|
|
UTSA Department of Music
Graduate Advisory Examination
Music History
All prospective graduate students are required
to take a placement examination in music history. The exams are scheduled on the Saturdays before the beginning of class each semester In preparation for the exam, students are advised to consult one
of the following texts:
- Burkholder, Peter J., Donald Jay Grout, and Claude V. Palisca. A History of Western Music, 7th ed. New York: W.W. Norton, 2005.
- Wright, Craig and Bryan Simms. Music in Western Civilization. Belmont: Thomson Schirmer, 2006.

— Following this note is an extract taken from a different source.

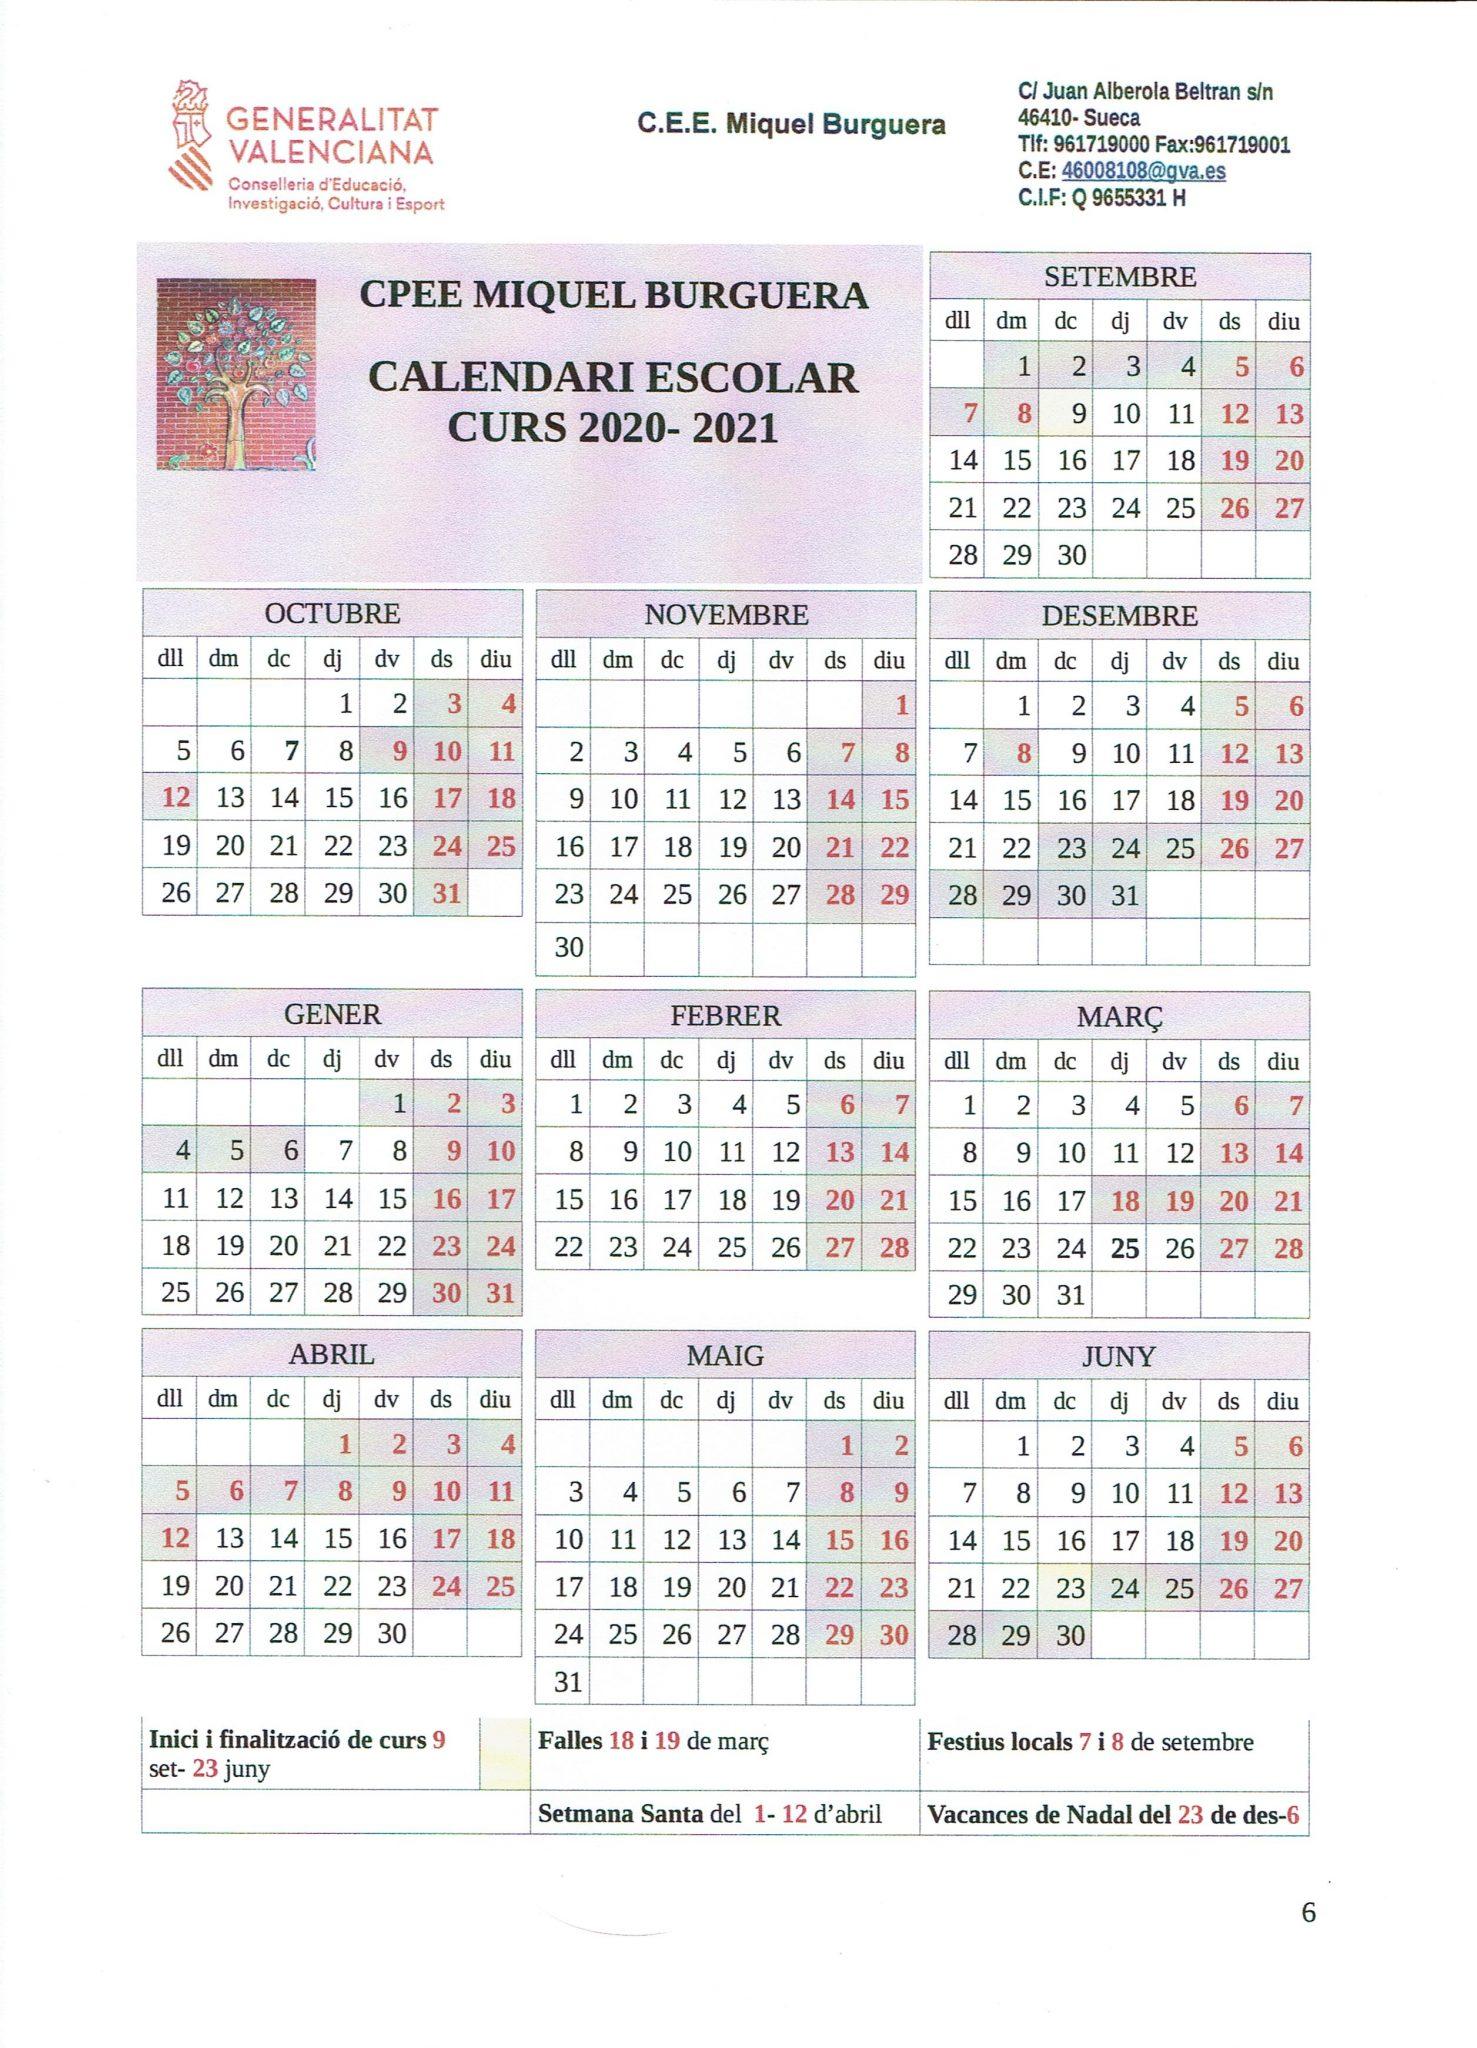 Calendari 20-21

- Bonds, Mark Evan. A History of Music in Western Culture, 2nd ed. Upper Saddle River: Prentice Hall, 2006
- Barbara Russano Hanning. Concise History of Western Music, 3rd ed. New York: W. W. Norton, 2005.
The
exam will be divided into two parts: 1) unknown listening and 2) factual
information. A multiple choice format
will be used throughout. The unknown
listening contains ten musical examples that embody the most characteristic
styles and genres of Western art music.
Students will answer questions about the salient musical features of
each selected work. They may be asked
to provide the names of likely composers, approximate dates of composition, and
appropriate historical periods. Students
will not be required to designate exact titles of musical works, but
rather to speak to the historical movements and musical characteristics such
works represent.
Examples
of selected styles and genres to review for the unknown listening portion of
the exam may include:
- Medieval (Gregorian chant, organum, motet)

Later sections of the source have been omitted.